Norwest Corp. has made a deal that will make it the most formidable presence in the mortgage industry.
The Minneapolis-based banking company will buy Prudential Insurance Company of America's home mortgage unit, becoming the No. 1 mortgage servicer and originator.
Norwest will pay Prudential about $700 million for most of the assets of Prudential Home Mortgage Corp. These include $40 billion in mortgage servicing rights; retail, wholesale, and correspondent lending operations; a conduit for nonconforming loans; and two mortgage servicing centers.
Once the deal is closed and approved by the Federal Reserve, Norwest will service $147 billion of loans.
Neither company would comment on the terms. A source familiar with the deal's details said the price is adjustable, depending on interest rates when the deal closes.
Norwest will not buy any of Prudential's $40 billion in servicing rights on jumbo loans - those above the loan limit set by Fannie Mae and Freddie Mac.
Mark Oman, president of Norwest Mortgage, said the purchase would give his company a quick entrance into corporate relocation lending, affinity lending, and telemarketing, all areas in which Prudential was a leader and where Norwest had a small presence.
"This gives us the opportunity to put those on fast forward with an industry leader," Mr.
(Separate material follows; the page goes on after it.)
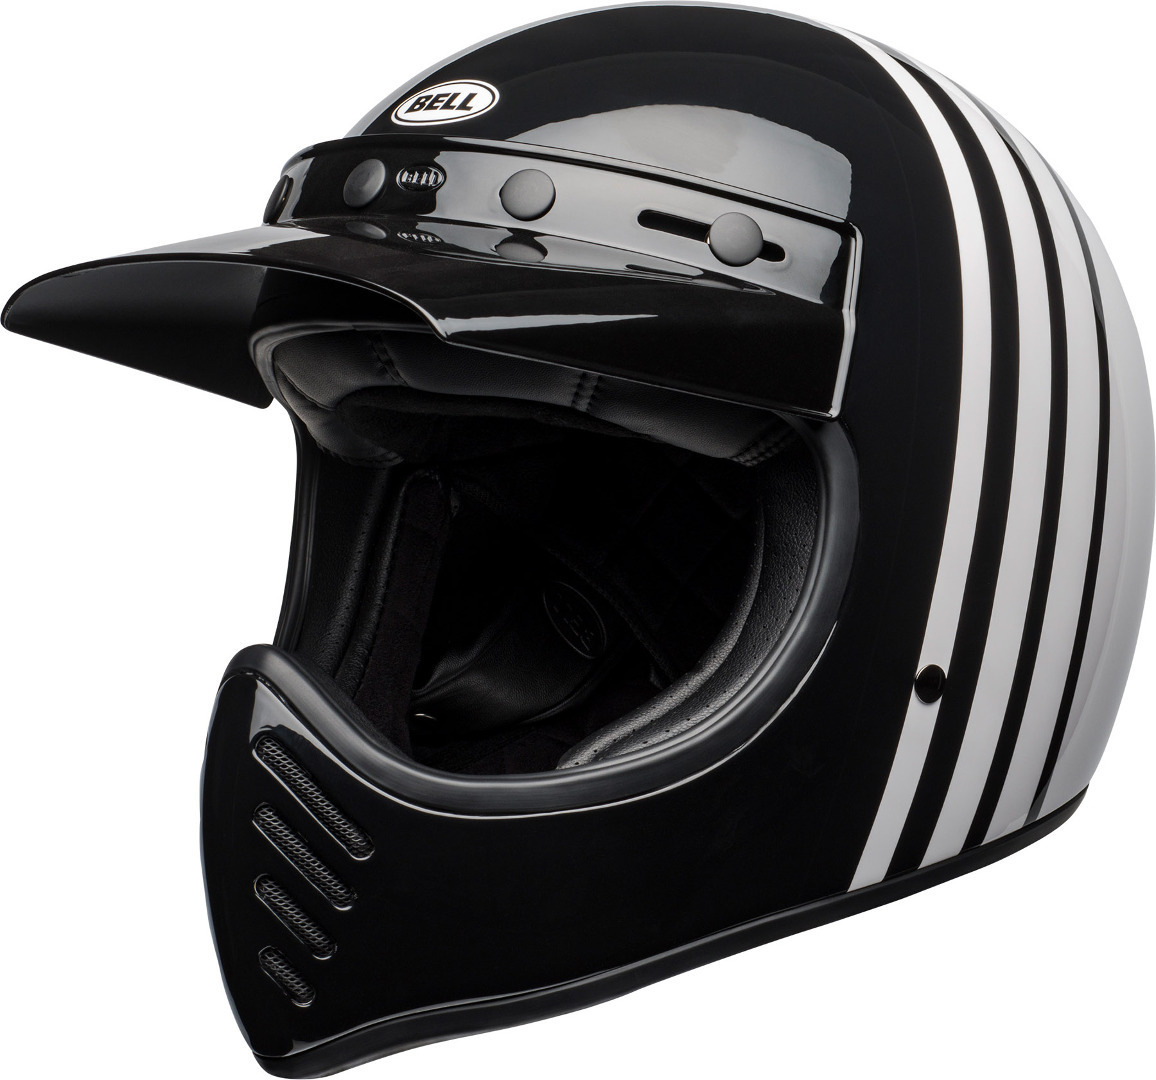 Image of Bell Moto-3 Reverb casco, nero-bianco, dimensione S

Oman said. He added that he also wants to expand Norwest's correspondent and wholesale lending capabilities, which the deal will allow it to do quickly.
A stock analyst said the purchase was a typical one for Norwest.
"Norwest doesn't think they have to go out and do anything, so they don't do anything that doesn't make perfect sense," said Ben Crabtree, an analyst at Dain Bosworth Inc., Minneapolis. He said mortgage lending fits in with the company's line of business, there was no real bidding contest, and the purchase should add to Norwest's earnings per share.
Prudential chairman Arthur F. Ryan cited the company's need to "better focus its resources" when he announced plans last March to sell the diverse mortgage unit, Residential Services Corporation of America. The Clayton, Mo.-based unit's originations dropped about 40% in 1994. Home lending was hit hard that year, recording losses in the tens of millions.
Many suitors came to call, including GE Capital Mortgage Corp., BancBoston Mortgage, PHH US Mortgage Corp., and First Union Corp.'s mortgage unit. Apparently, the company's mammoth size and diversity made it impractical for those companies to strike a deal.
"Prudential was twice as large as any previous deal and five times as complicated," said Andy Lerner, vice president at Inter-Atlantic Securities Corp., which advised Prudential, as did Goldman, Sachs & Co. Norwest did not use an outside adviser.
Residential Services is made up of three companies: Prudential Home Mortgage Co., Lender's Service Inc., and Residential Information Services.
Now that the deal for Pru Home is sealed, Prudential will focus on selling Lender's Service. The offering will be sent to interested parties by the end of the week, a well-placed source said.
Lender's Service offers property appraisal services. Prudential bought Residential Information, which offers technological support to mortgage servicers, from Lomas Financial Corp.
Norwest Mortgage originated $33.9 billion of mortgages in 1995. Pru Home originated $15.7 billion in 1995 and serviced $80 billion that year. The combined total of just under $50 billion would make it by far the biggest originator.
Norwest Bank Minnesota has also agreed to buy Prudential's master servicing assets and bond administration unit, Securitized Asset Services Corp. The deal will make Norwest Bank Minnesota the largest master servicer.